## Task statement
A verbatim restatement of the data, free of pictures, is what you should output.

## Data below
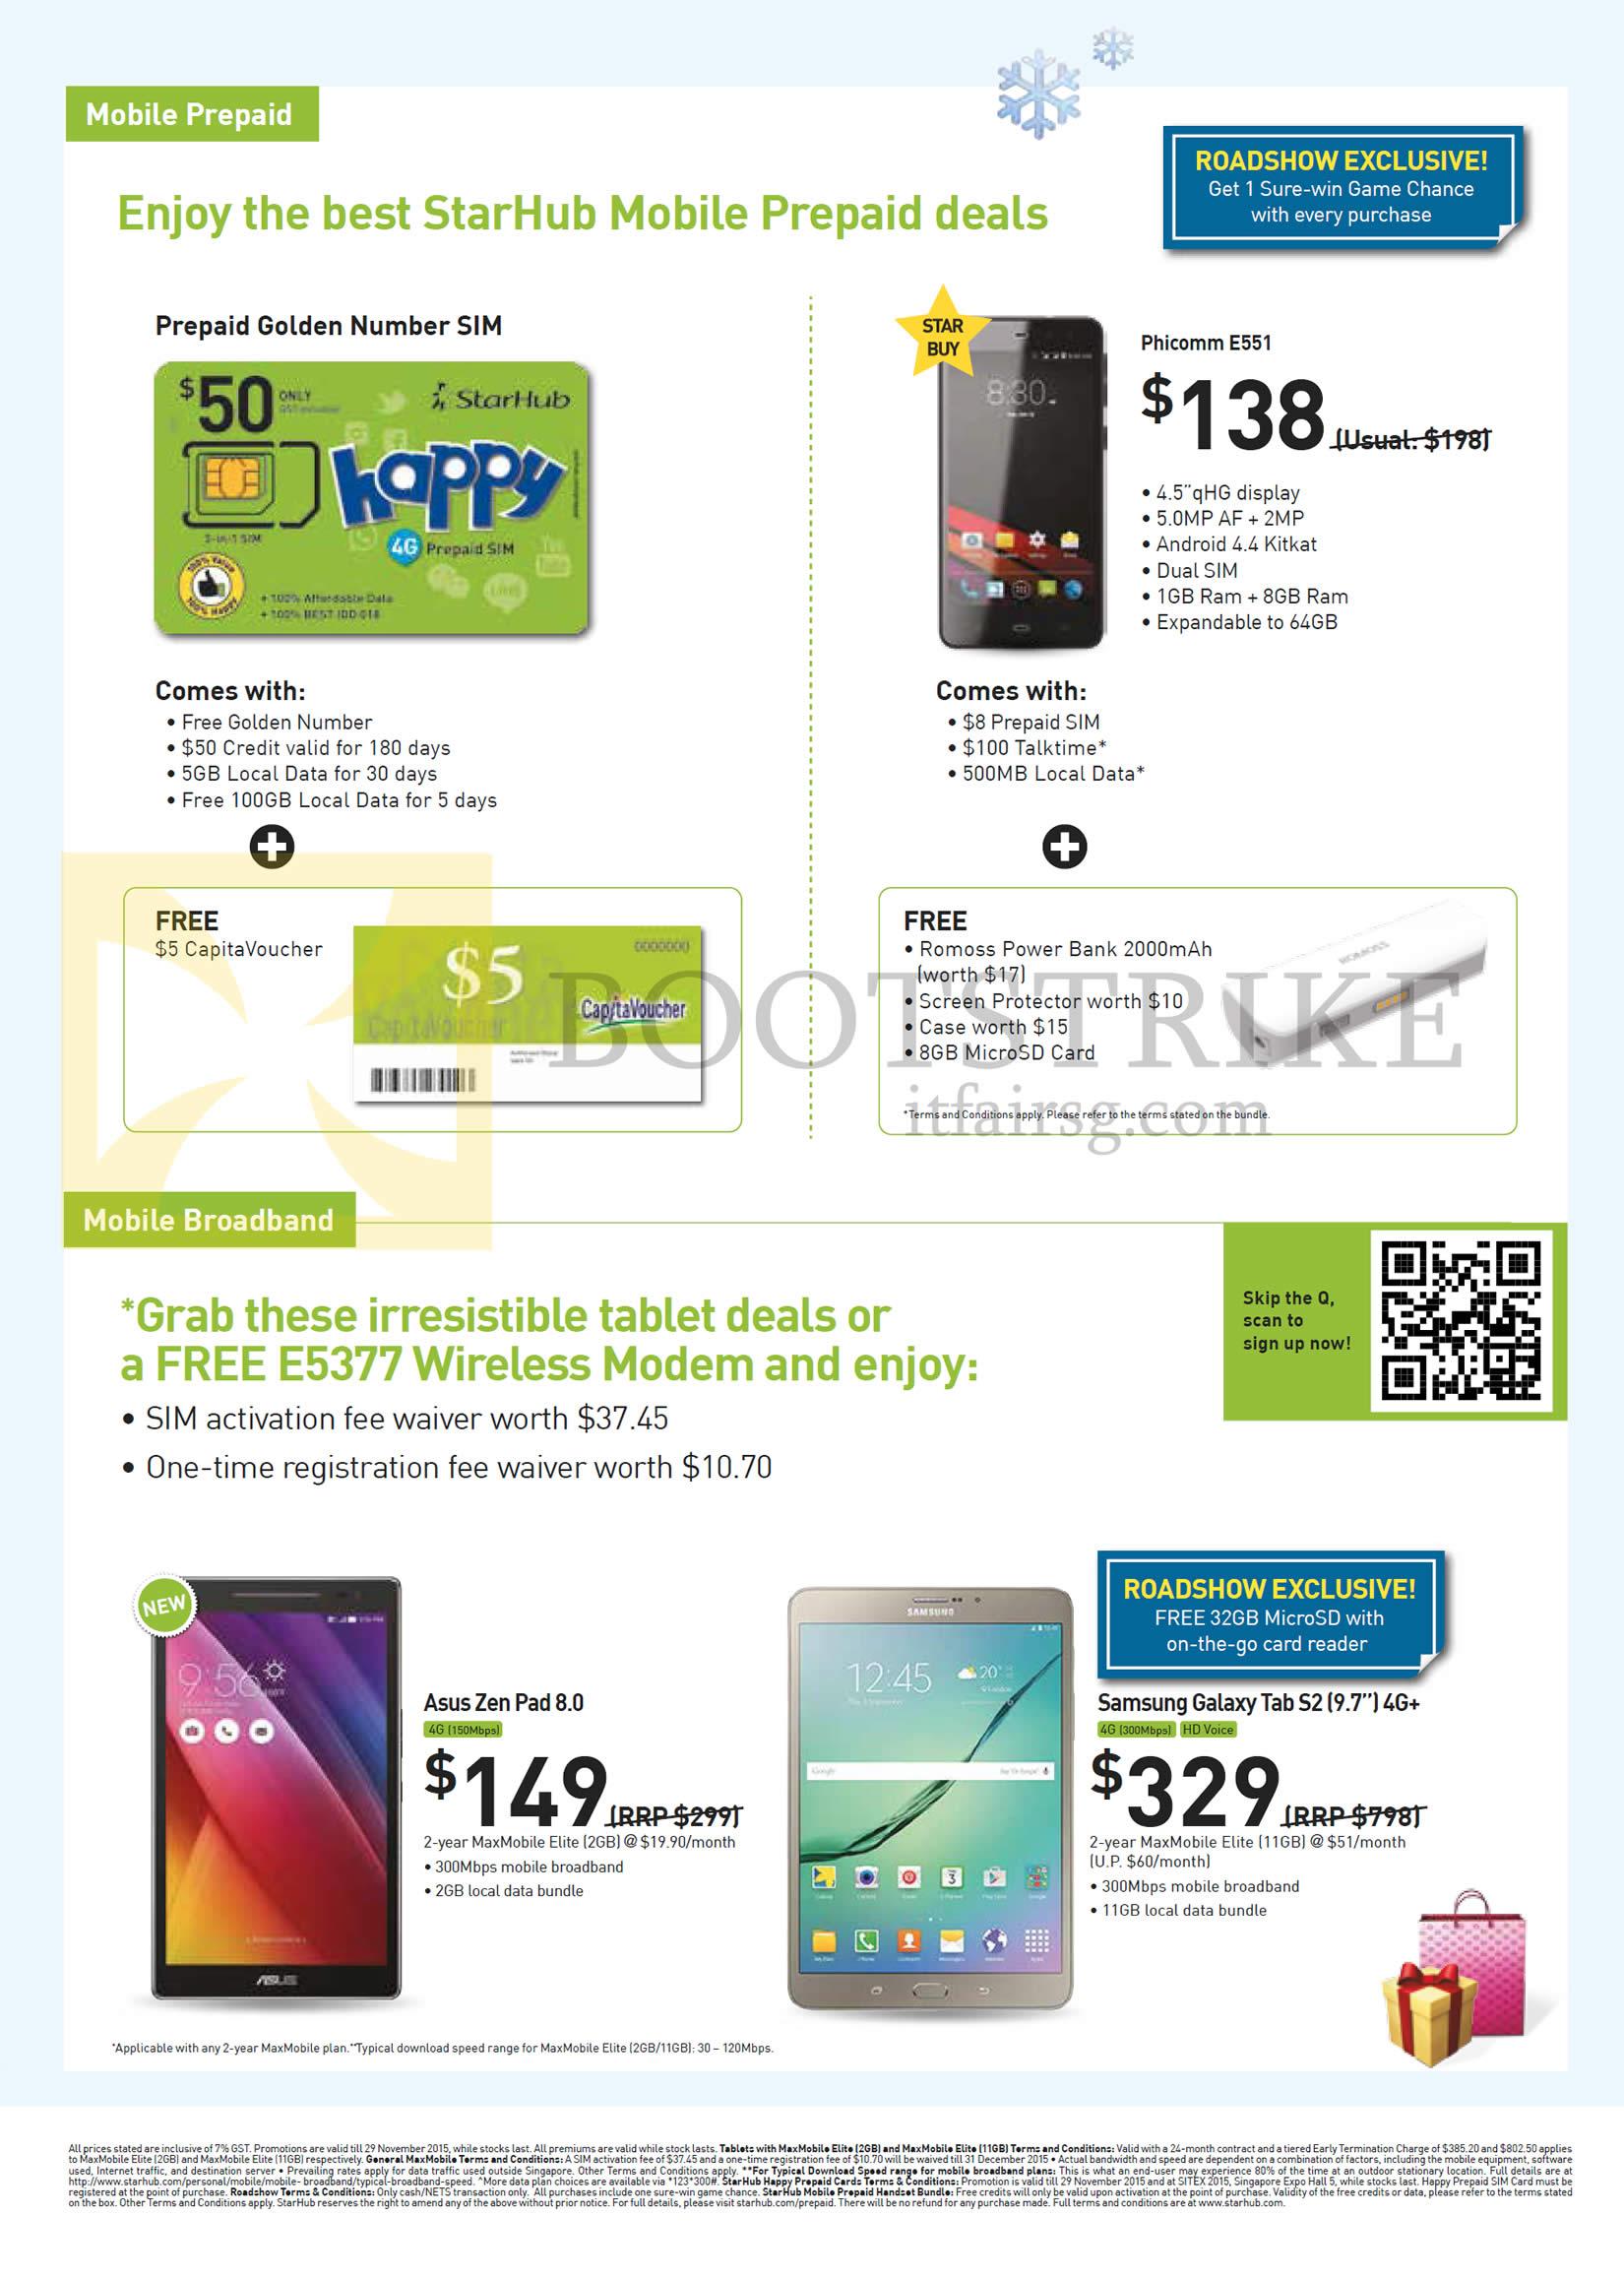 SITEX 2015 price list image brochure of Starhub Mobile Prepaid, Broadband, Golden Number Sim, Phicomm E551, Asus Zenpad 8.0, Samsung Galaxy Tab S2 9.7
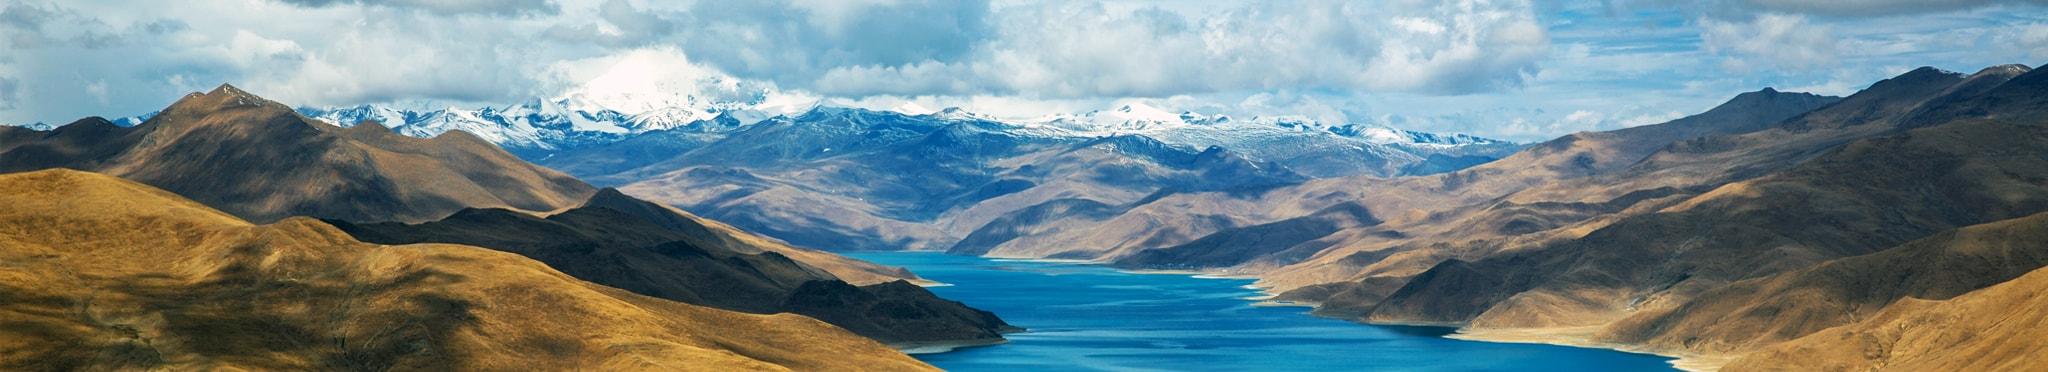 Тайны Тибета <br> Пекин – Лхаса – озеро Ямдрок Цхо — Шанхай
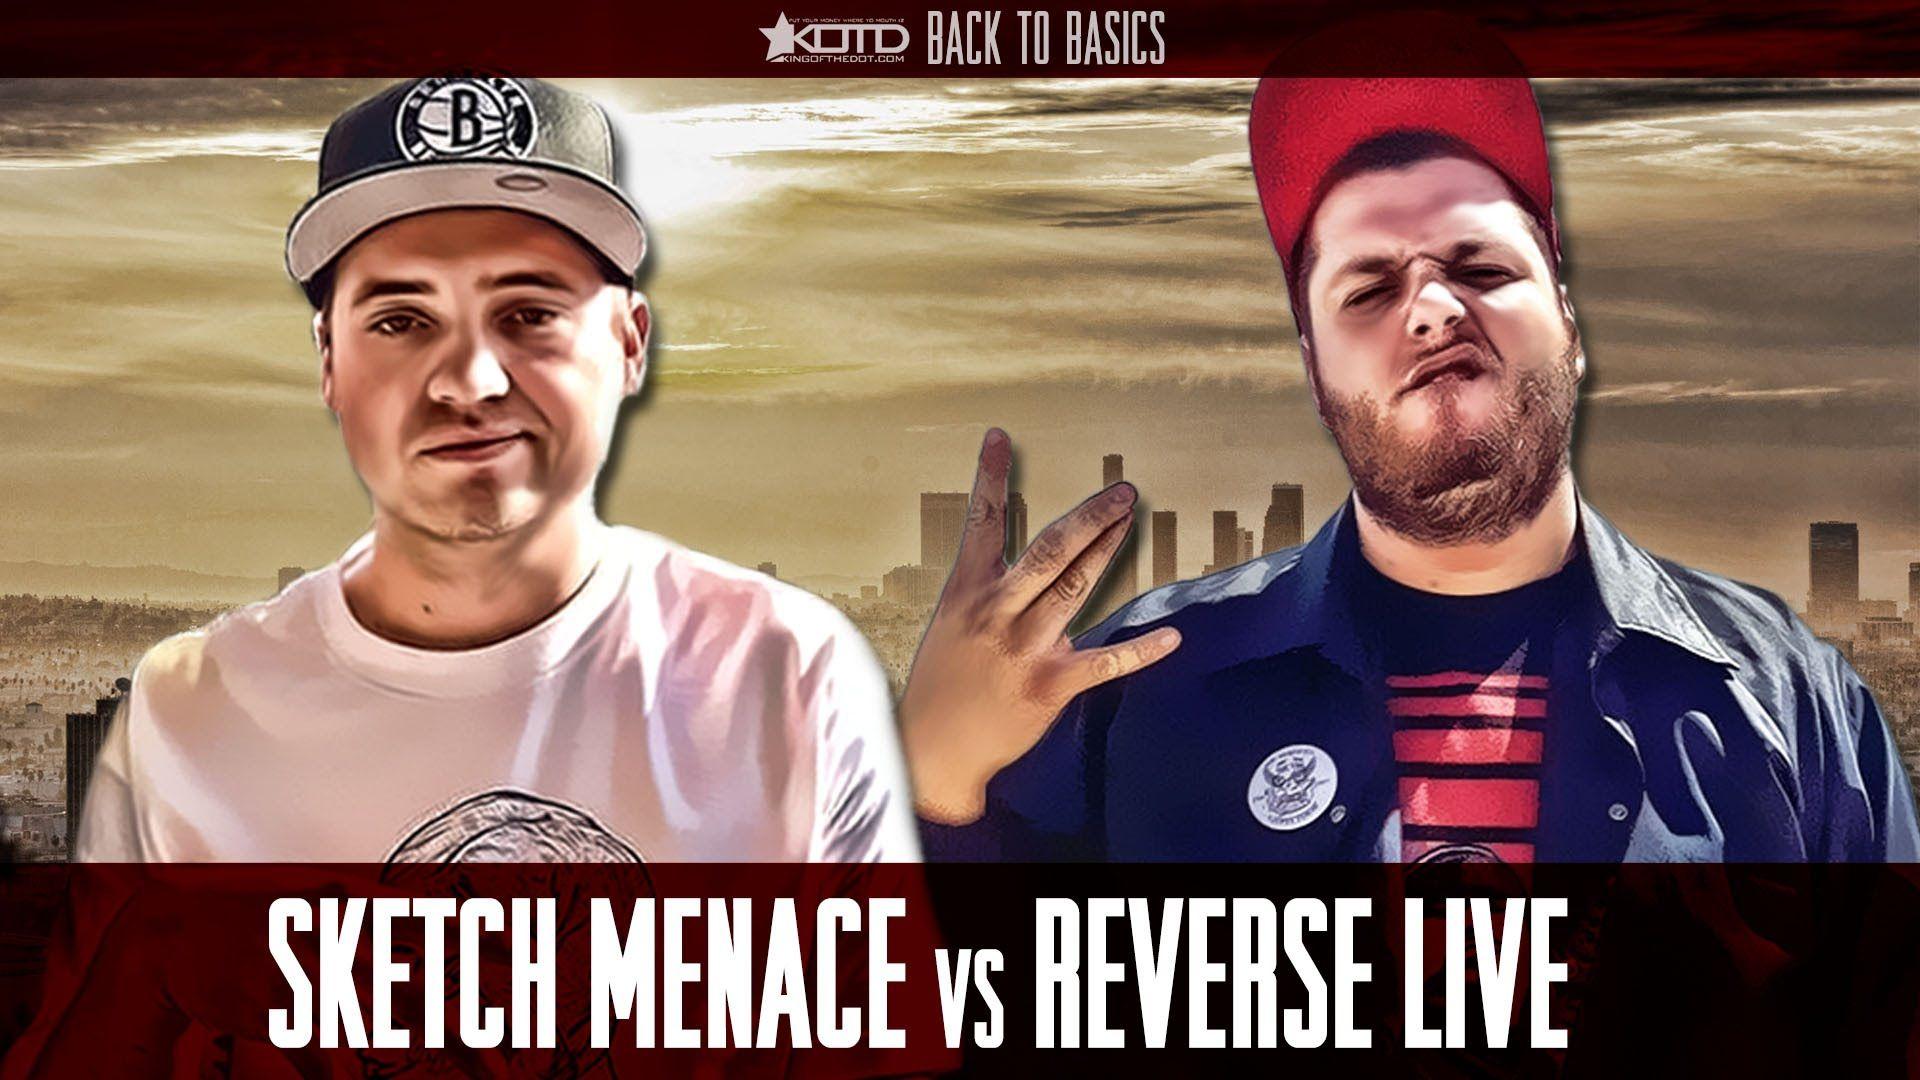 KOTD - Rap Battle - Sketch Menace vs Reverse Live   Hip-Hop

## Solution
 SITEX 2015 price list image brochure of Starhub Mobile Prepaid, Broadband, Golden Number Sim, Phicomm E551, Asus Zenpad 8.0, Samsung Galaxy Tab S2 9.7
 Тайны Тибета <br> Пекин – Лхаса – озеро Ямдрок Цхо — Шанхай
 KOTD - Rap Battle - Sketch Menace vs Reverse Live   Hip-Hop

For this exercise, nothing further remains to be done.